After creating the directory and placing content in it, you can begin to create the catalog. Choose New | Catalog to see the Add Catalog dialog box shown in Figure E.
|Adding a new catalog to the Indexing Service is easy.|
Once you've provided the parameters of the new catalog—the catalog name and the location of the database—click OK to save it. Once you click OK, you'll receive a message indicating that the catalog will remain off-line until you restart Indexing Service. To restart the service after you add the catalog, right-click Indexing Service and click Stop. Then right-click Indexing Service, and click Start.
Next, you need to give the new catalog some directories to index. In the previous step, I gave the new catalog a home but no contents. To add a directory to this catalog, right-click Directories under Test Catalog and choose New | Directory using the method I described above.
After restarting the service and giving it time to index the documents, you’ll get the results you expect when you perform a sample query against the new catalog.
Checking Indexing Service status messages
As with all Windows services, Indexing Service writes messages to the Windows event log. In addition, the Indexing Service main screen gives you a quick overview of the current status of the service as it relates to all catalogs, as shown in Figure F.

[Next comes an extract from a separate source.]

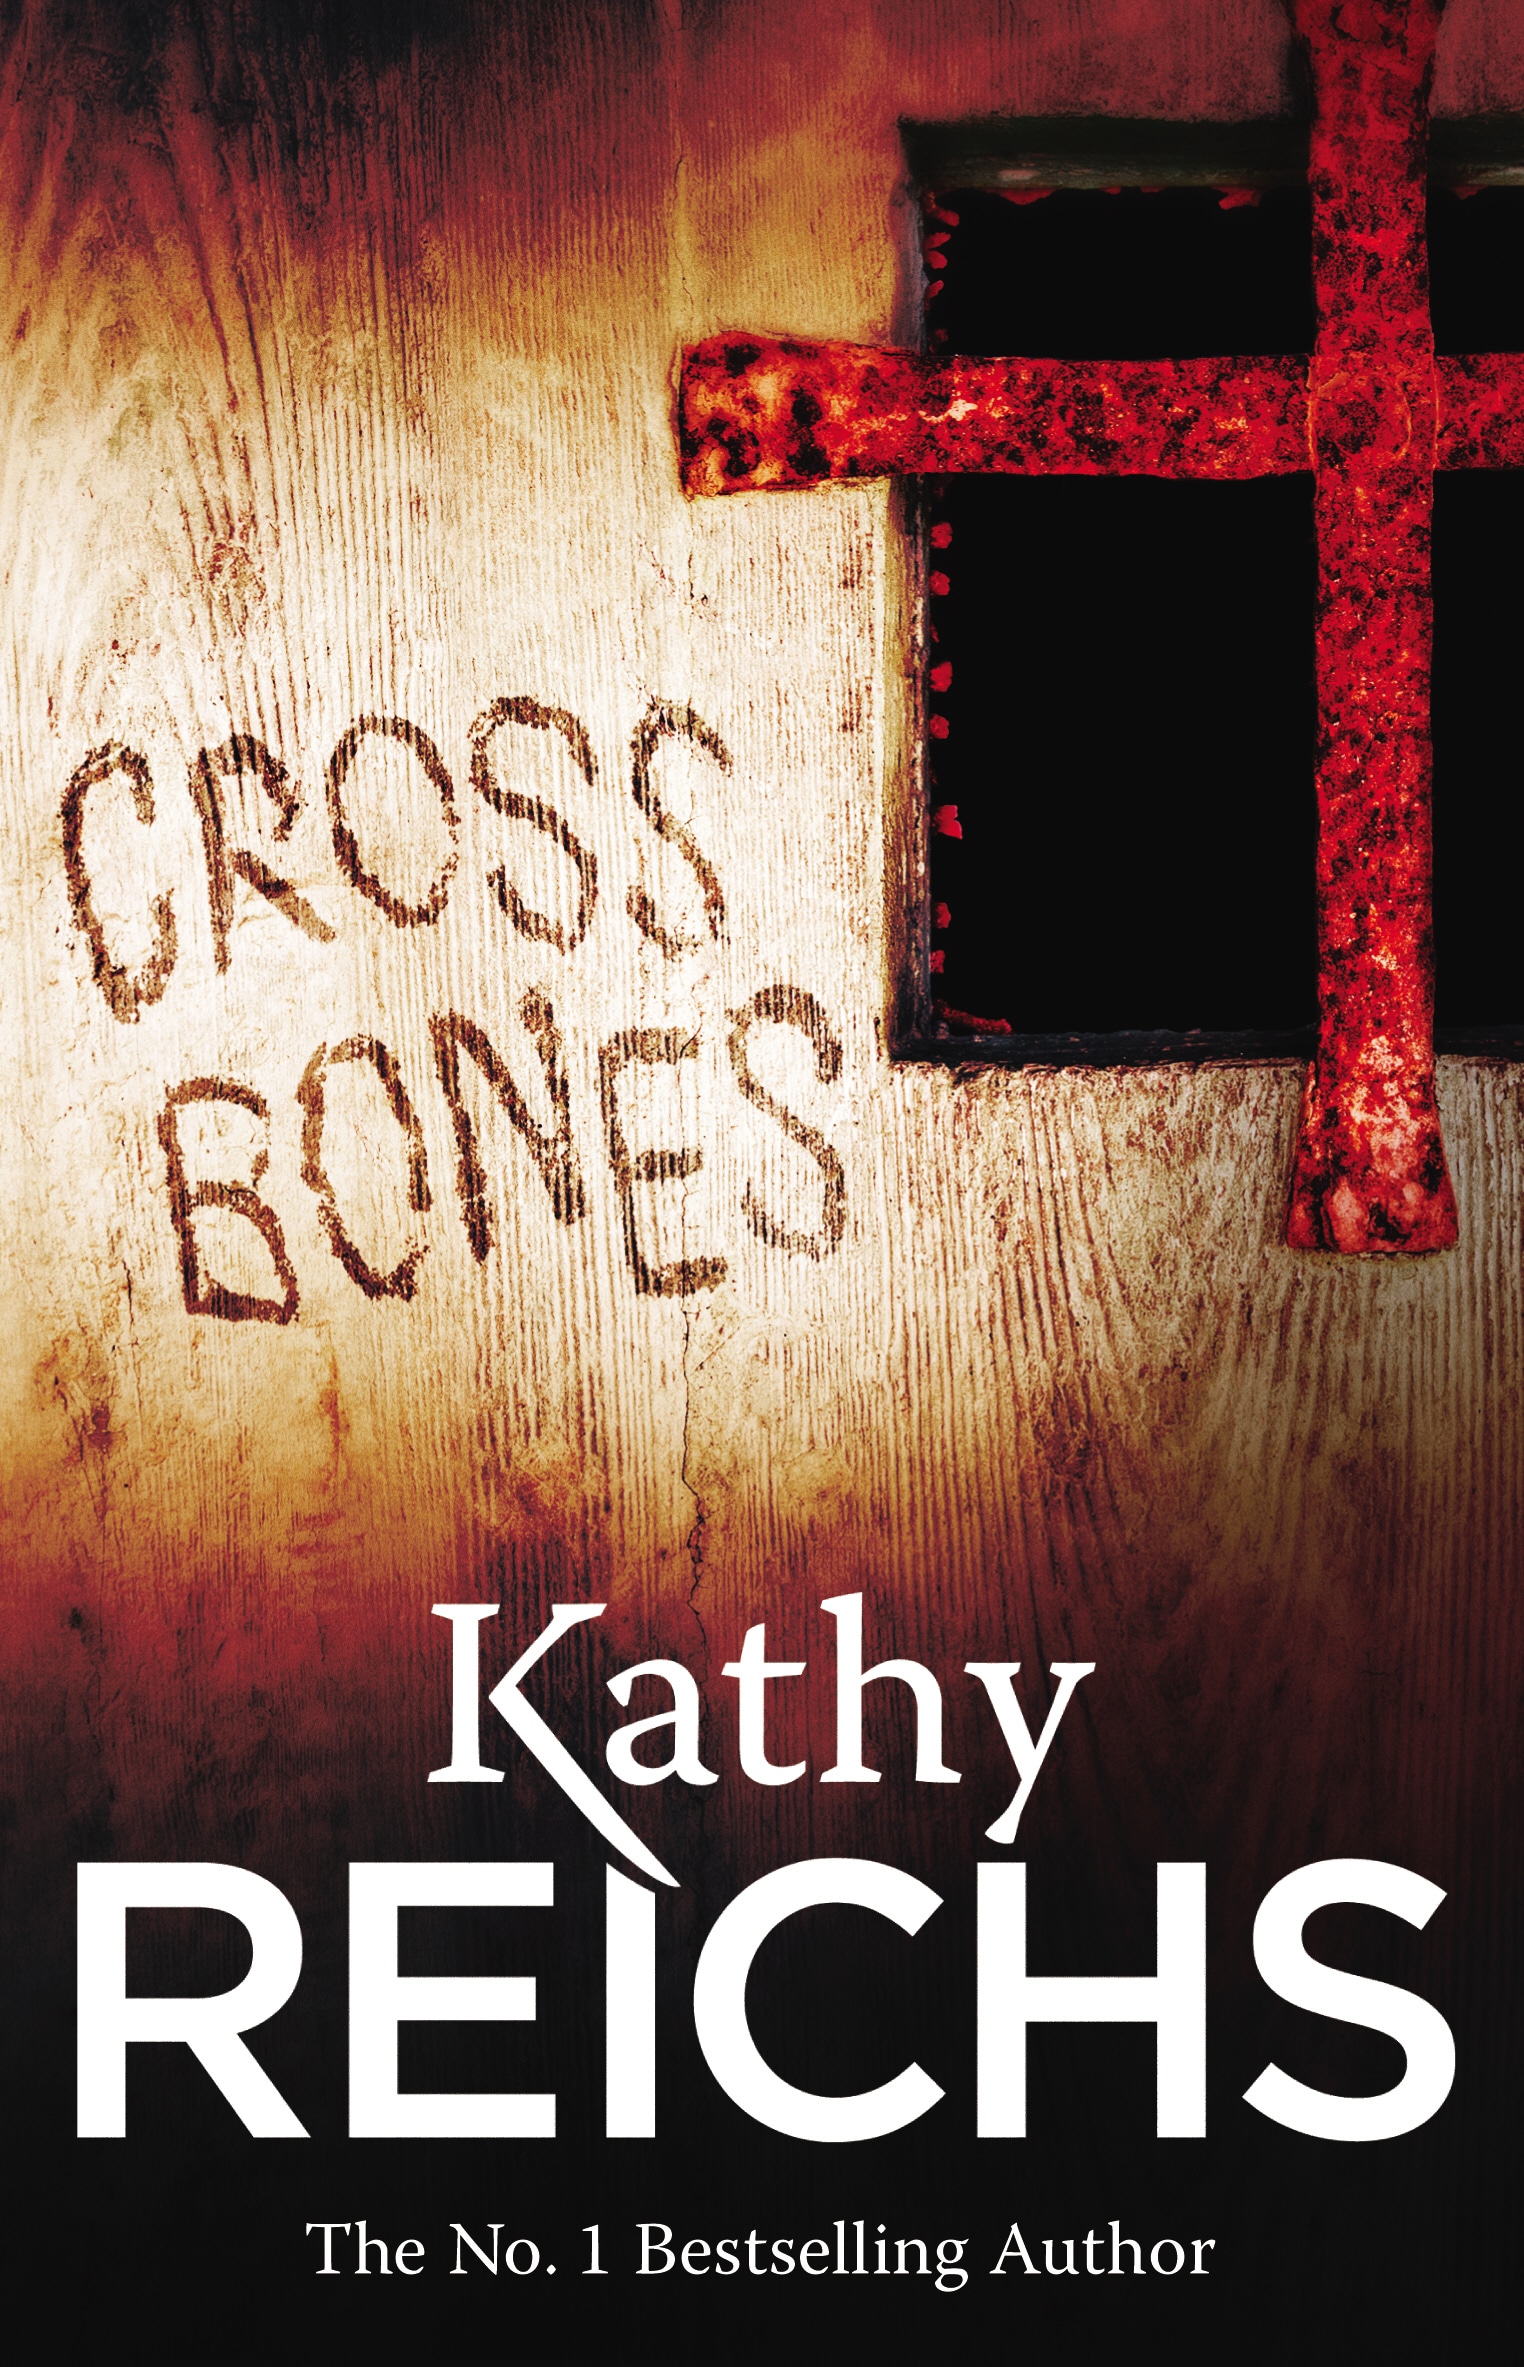 Kathy Reichs' Bones books in order

|The Indexing Service main screen shows the status of each catalog.|
This status screen also shows you how large the catalog is, the location of the catalog, and the total number of indexed documents. The last column shows you the status. Some of the possible status messages you’ll see from Indexing Service are:
- Indexing Paused (High I/O): Indexing paused because of a high level of input/output (I/O) activity. Close some applications to reduce the I/O activity.
- Indexing Paused (Low Memory): Indexing paused because of low memory. Close some applications to make more memory available.

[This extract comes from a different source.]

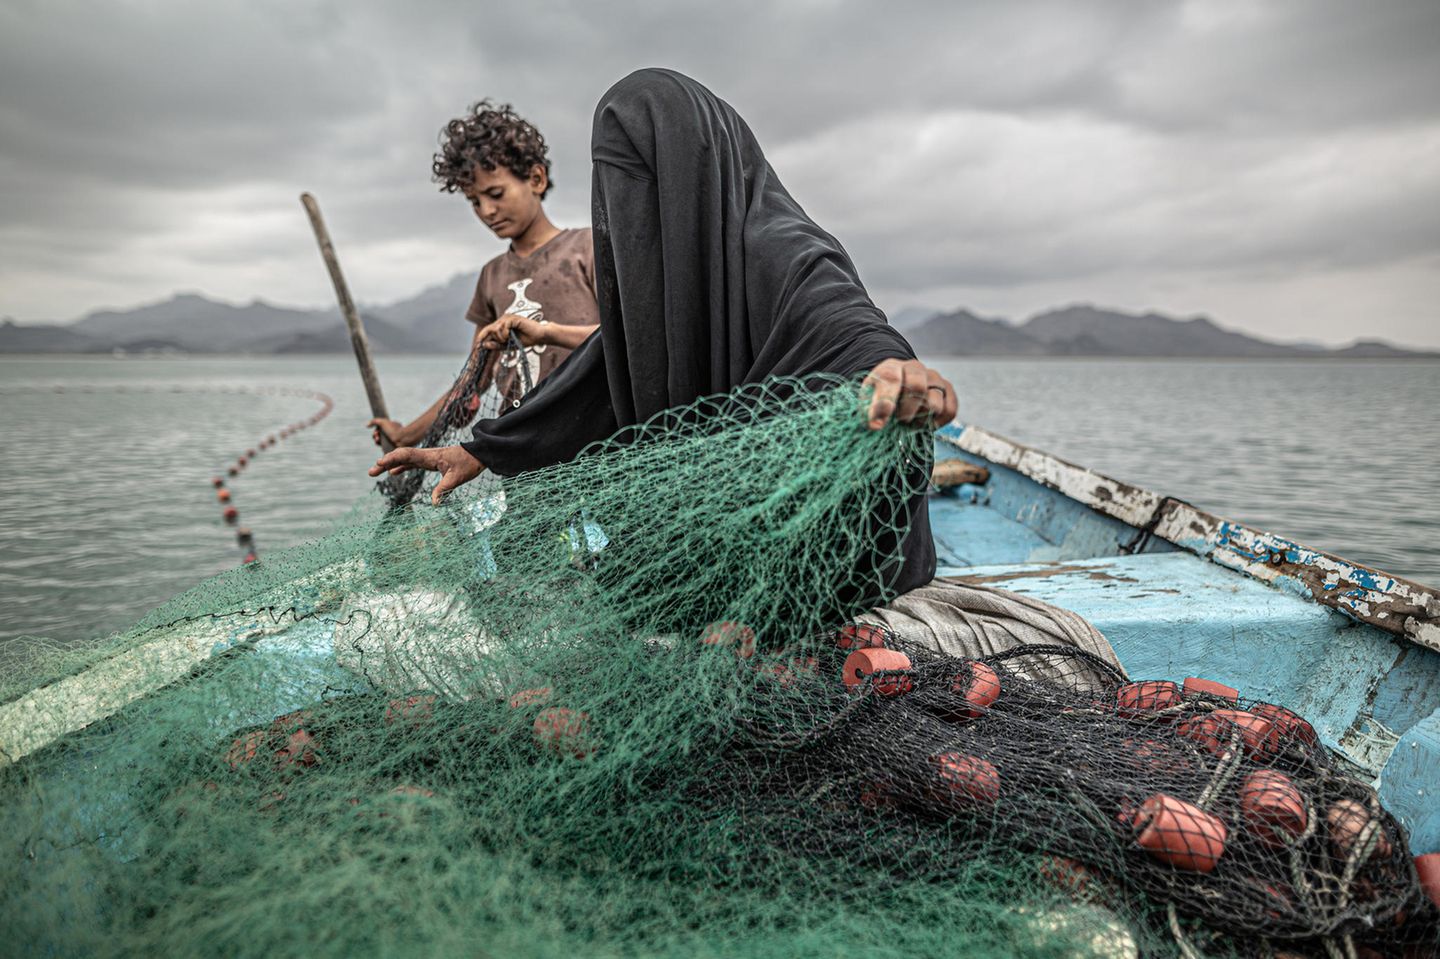 World Press Photo 2021: Frau mit Kind beim fischen

- Indexing Paused (Power Management): Indexing paused to save battery power.
- Indexing Paused (User Active): Indexing paused to minimize interference with user activity.
- Merge: A merge is in progress.
- Master Merge (Paused): Merge paused because of low resource availability.
- Stopped: Indexing of the catalog has been stopped.
- Query Only: The index is available only for querying.
- Recovering: Indexing Service is recovering from an abrupt shutdown.
- Scan Required: One or more documents need to be indexed. If this message remains for more than a few seconds, check the event log.
- Scanning: One or more directories are being scanned for new or modified documents.
- Scanning (NTFS): One or more NTFS volumes are being scanned for new or modified documents.
- Starting: Indexing Service is starting up.
- Started: Indexing Service has started.
Using Indexing Service for IIS Web searches
You can use Indexing Service to search Web sites for specific information. For this purpose, you can create Web catalogs that will index all of the contents under a specific Web site. To set up a catalog specifically for a Web site, create a new catalog and place it outside the Web tree for the site that you wish to index. If you place it inside the Web tree, you run the risk of the system thinking that the catalog database is unavailable and using significant CPU resources as a result.
Once you've created the catalog, right-click it and choose Properties. On the Tracking tab on the Properties page, you can indicate which Web site is to be indexed by choosing it from the drop-down list next to WWW server. You're also able to index newsgroups on your server in the same manner.
Once this is complete, stop and restart the Indexing Service for the new catalog to become active. You can now write ASP scripts that will take advantage of the search capabilities of your Web site.
Seek and ye shall find
Indexing Service provides a powerful search feature for your LAN and your Internet users. Be careful to create catalogs outside your Web tree and to check frequently for security updates from Microsoft that relate to this service.